Without government in the identity business, one would expect the development of private identity tools if they are useful on the market. Credit cards and bank cards, as well as employee or student cards, played that role before the invasion of government-issued photo ID some decades ago. Private ID documents would likely have spread had it not been for their eviction by government competition and the public’s resistance to the addition of photographs on credit cards. That people fear private identity tools—The Economist is scared of Facebook—more than government ID papers reveals an irrational fear of decentralized private businesses and an irrational trust in government.

Yet, e-identity tools have spontaneously developed on the internet (passwords, two-factor authentifiction, fingerprint readers, etc.). The Economist mentions other ongoing efforts currently underway.

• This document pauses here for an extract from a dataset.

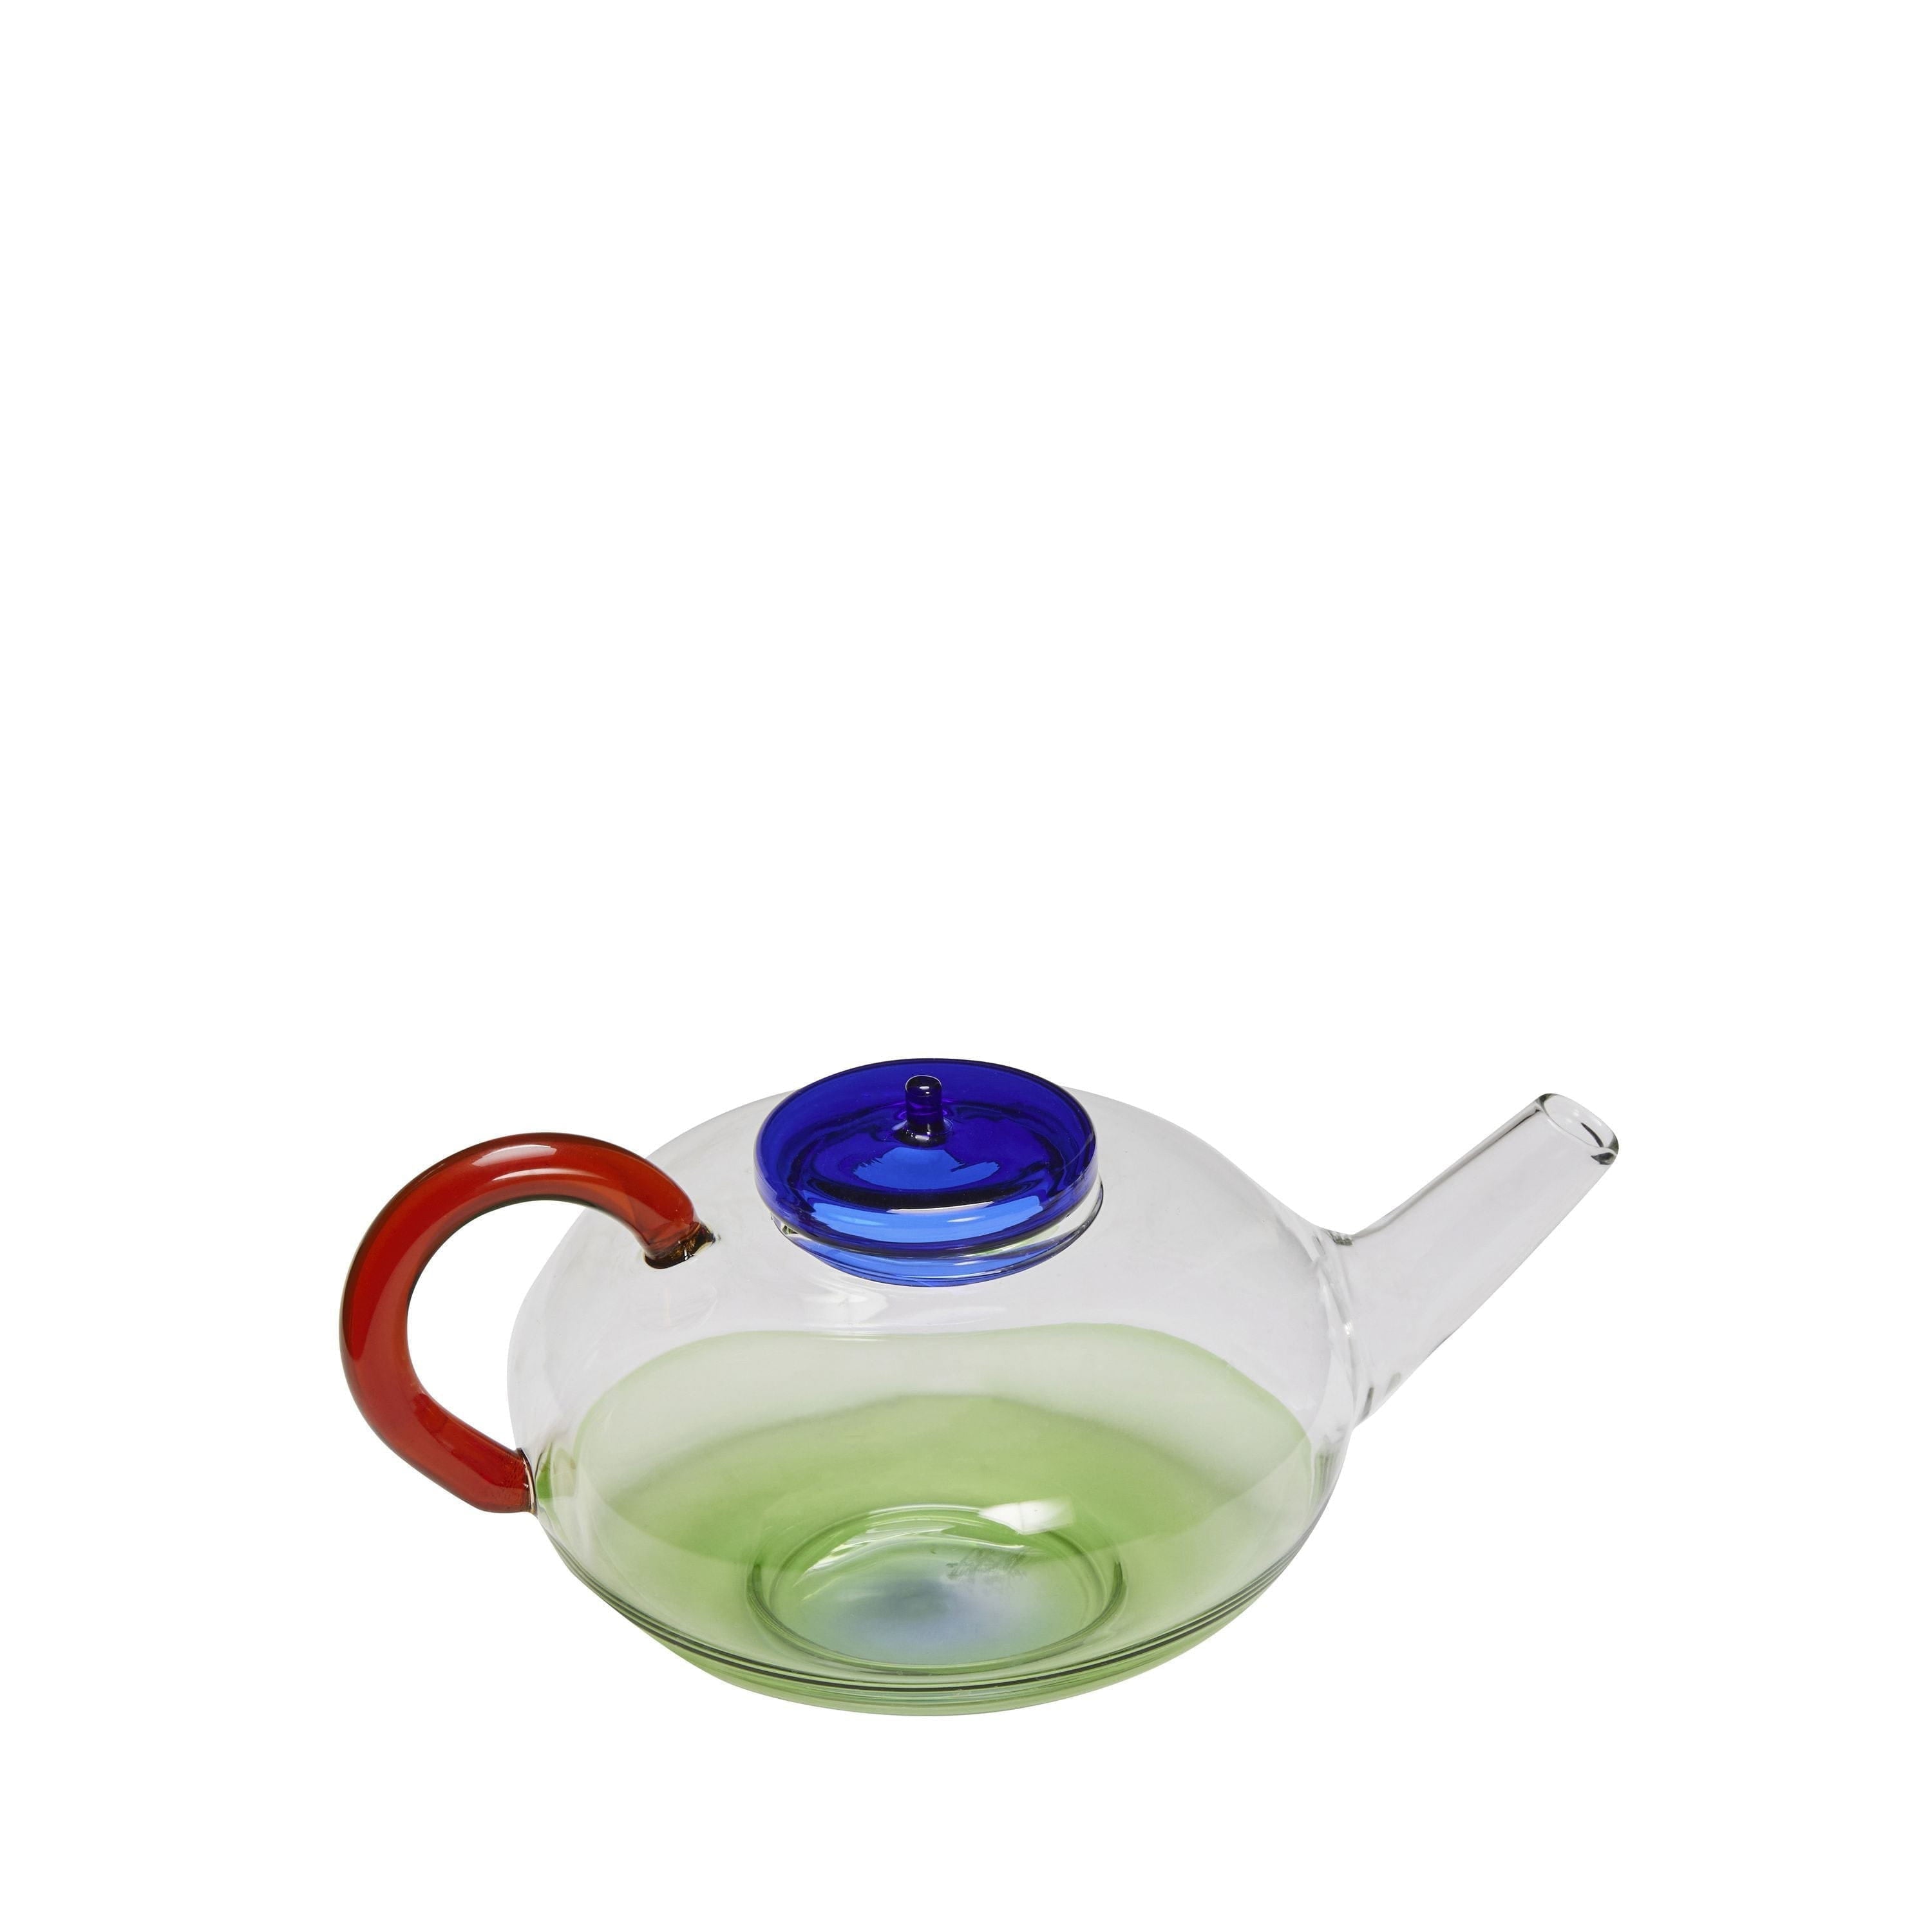 Hübsch No Rush Teapot, Blue/Clear/Green/Amber

Those who are too young to have known a world without omnipresent government-issued photo ID may have problems believing it, but this world existed in advanced countries and even through the online-commerce revolution. In Québec, where I long lived, one could lead a peaceful and efficient life without government-issued photo ID until the late 1990s; even drivers’ licenses did not bear photographs. I started buying books on Amazon in early 1998, without anything but a credit card from a Canadian bank. It is true that Canadian passports bore a photograph, but they were seldom used for anything else than foreign travel.

It is true that transaction costs are higher without a government identity certification. The seller who accepts a credit card or a check without official ID runs a higher risk of fraud, which translates into higher prices. Establishing face-to-face relations with contractual parties like banks or other suppliers takes more time. But minimizing transaction costs at any cost is not the goal of economic life or life in general. Some individuals may prefer to avoid the state’s Judas kiss. A market not dominated by government would offer a variety of options suitable to different individual preferences.

As government’s quasi-monopoly on identity became established, people discovered—or, for latecomers, are now discovering—that their government-issued ID papers are not really theirs: they belong to the government and can be revoked. In 46 states, drivers’ licenses can be canceled for non-payment of child support. In some states, they can also be revoked for drug offenses or failure to respond to a court summons. U.S. passports can now be denied or revoked for as little as $51,000 in tax debt.

There is no real reason why identity is so dominated by the state, except for increasing state power. Constraining Leviathan requires limiting its ability to control identity. It would also boost the private market for identity tools.